Czym jest związek między zniesławieniem a naruszeniem prawa do wizerunku? Przykłady i precedensy sądowe
Prawo do wizerunku, mówiąc najprościej, to prawo do zakazania fotografowania lub publikowania swojej twarzy lub wyglądu bez zgody.
To prawo do wizerunku jest często opisywane jako jedna z form prywatności. Na przykład, jeśli ktoś robi ci zdjęcie bez twojej zgody, gdy spacerujesz pewnego dnia w pewnym miejscu, a następnie publikuje to zdjęcie na portalach społecznościowych, twoi znajomi mogą zrozumieć, że “ta osoba była tamtego dnia w tamtym miejscu”. Publikacja tego zdjęcia jest problemem dotyczącym prywatności, ponieważ ujawnia, “gdzie ta osoba była tamtego dnia”.

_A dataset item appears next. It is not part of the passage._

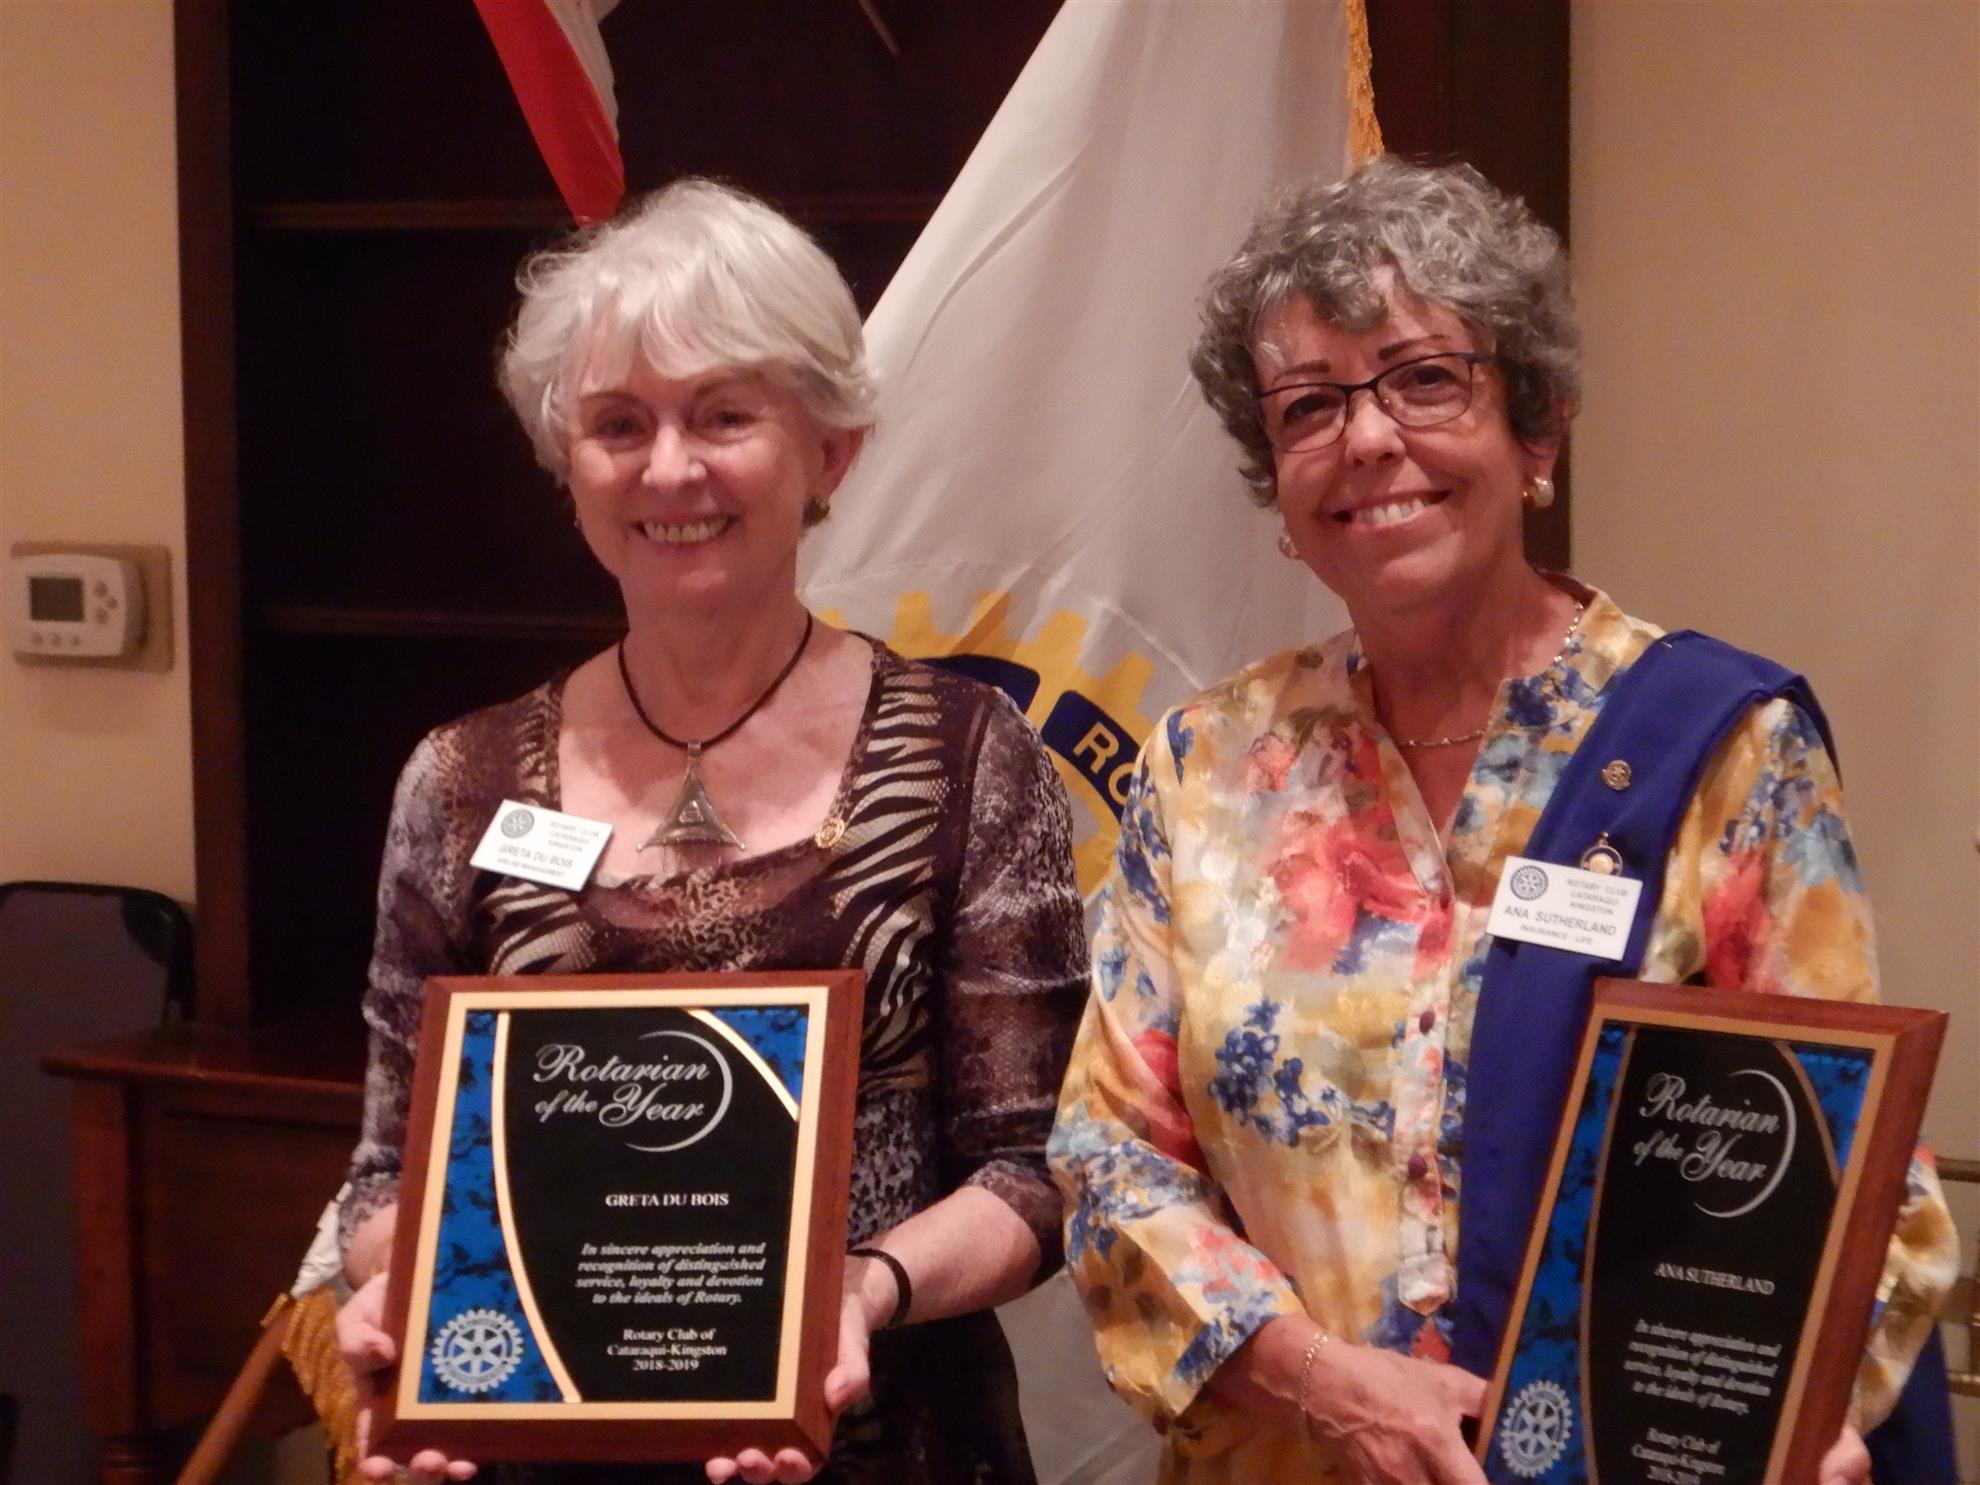 Rotarian of the Year winners Ana and Greta

Jednak z praktycznego punktu widzenia, prawo do wizerunku często jest dochodzone równocześnie z naruszeniem dobrego imienia. Typowym przykładem jest sytuacja, gdy pracownik pewnej dużej firmy, który zajmuje pewne stanowisko, zostaje uwikłany w skandal, który jest publikowany w tygodniku lub mediach internetowych.
- Publikacja skandalu → problem naruszenia dobrego imienia
- Publikacja zdjęcia twarzy w artykule → problem z prawem do wizerunku
Są to typowe zarzuty w takich przypadkach.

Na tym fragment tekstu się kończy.